__EXERCISE__
Beneath this instruction is a listing; print exactly the lines in it starting at the line that contains "Kit de herramientas" and going through the line that contains "Promoção Tênis Vans".

__THE DATA__
◇ ◇ ◇
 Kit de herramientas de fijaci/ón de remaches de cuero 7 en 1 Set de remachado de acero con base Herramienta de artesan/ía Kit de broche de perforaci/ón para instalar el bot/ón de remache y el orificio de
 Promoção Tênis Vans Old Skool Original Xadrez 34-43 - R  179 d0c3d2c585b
◇ ◇ ◇
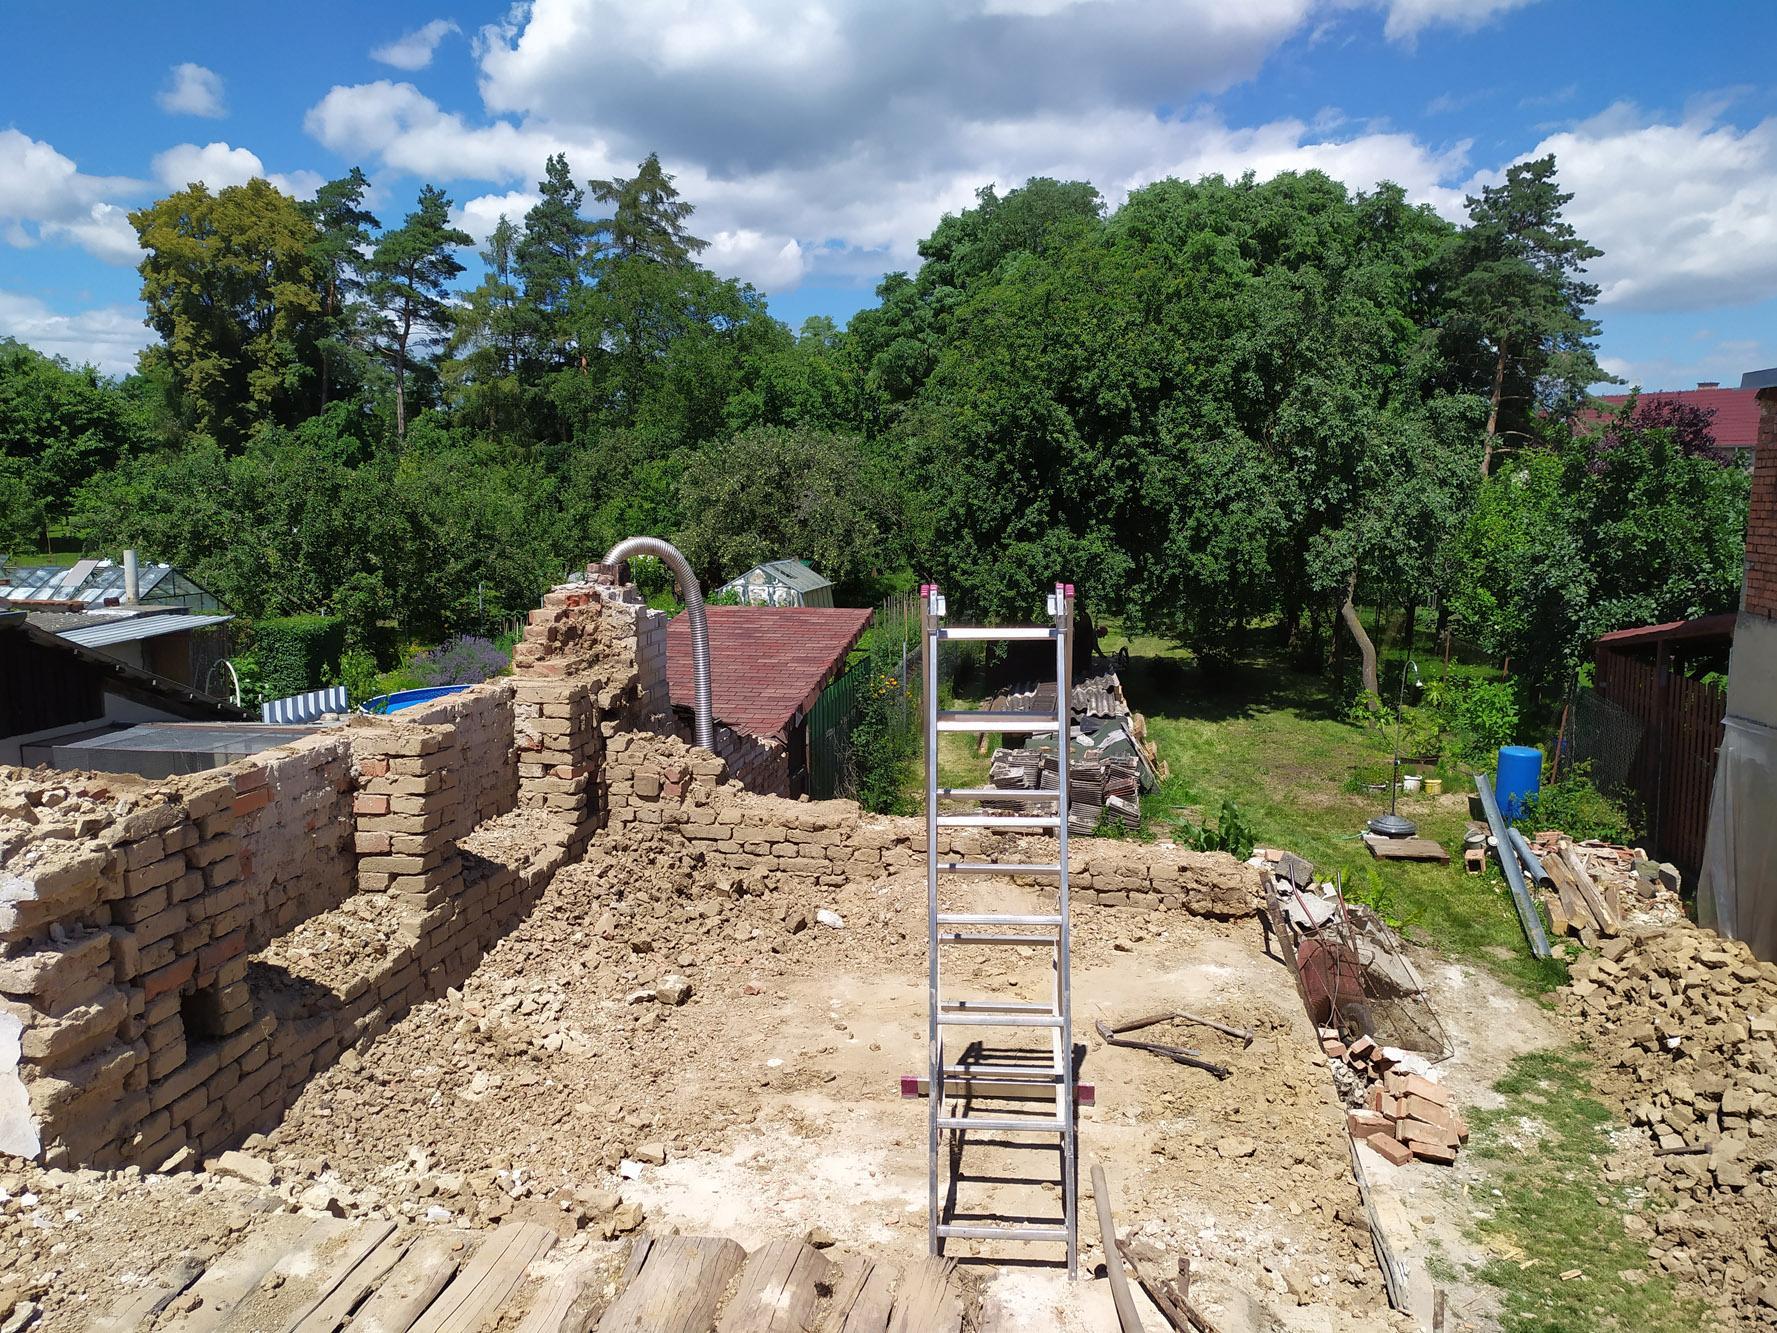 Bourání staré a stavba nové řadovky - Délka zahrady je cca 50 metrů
◇ ◇ ◇
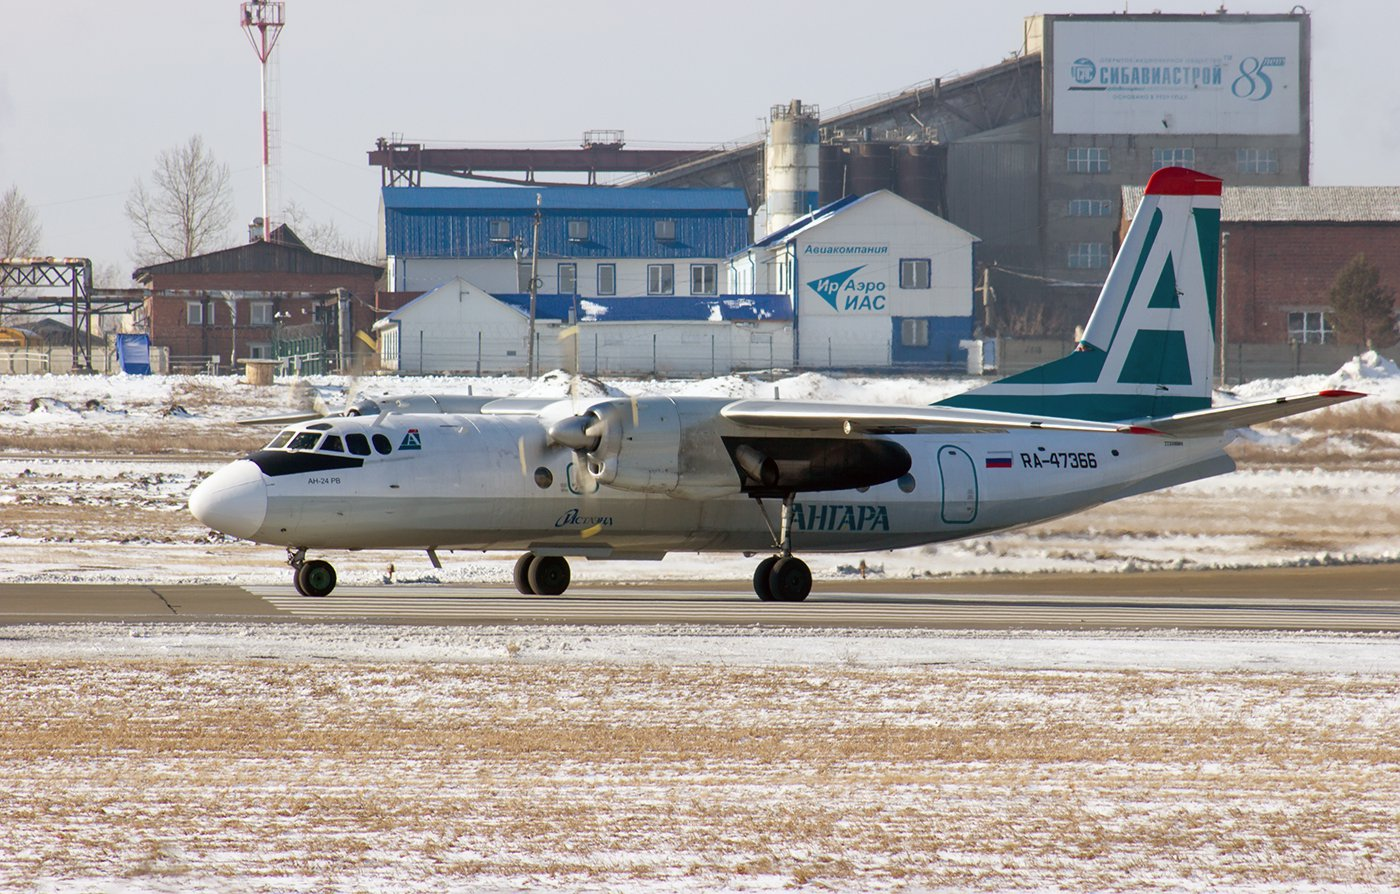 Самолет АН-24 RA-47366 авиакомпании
◇ ◇ ◇
__TASK ANSWER__
 Kit de herramientas de fijaci/ón de remaches de cuero 7 en 1 Set de remachado de acero con base Herramienta de artesan/ía Kit de broche de perforaci/ón para instalar el bot/ón de remache y el orificio de
 Promoção Tênis Vans Old Skool Original Xadrez 34-43 - R  179 d0c3d2c585b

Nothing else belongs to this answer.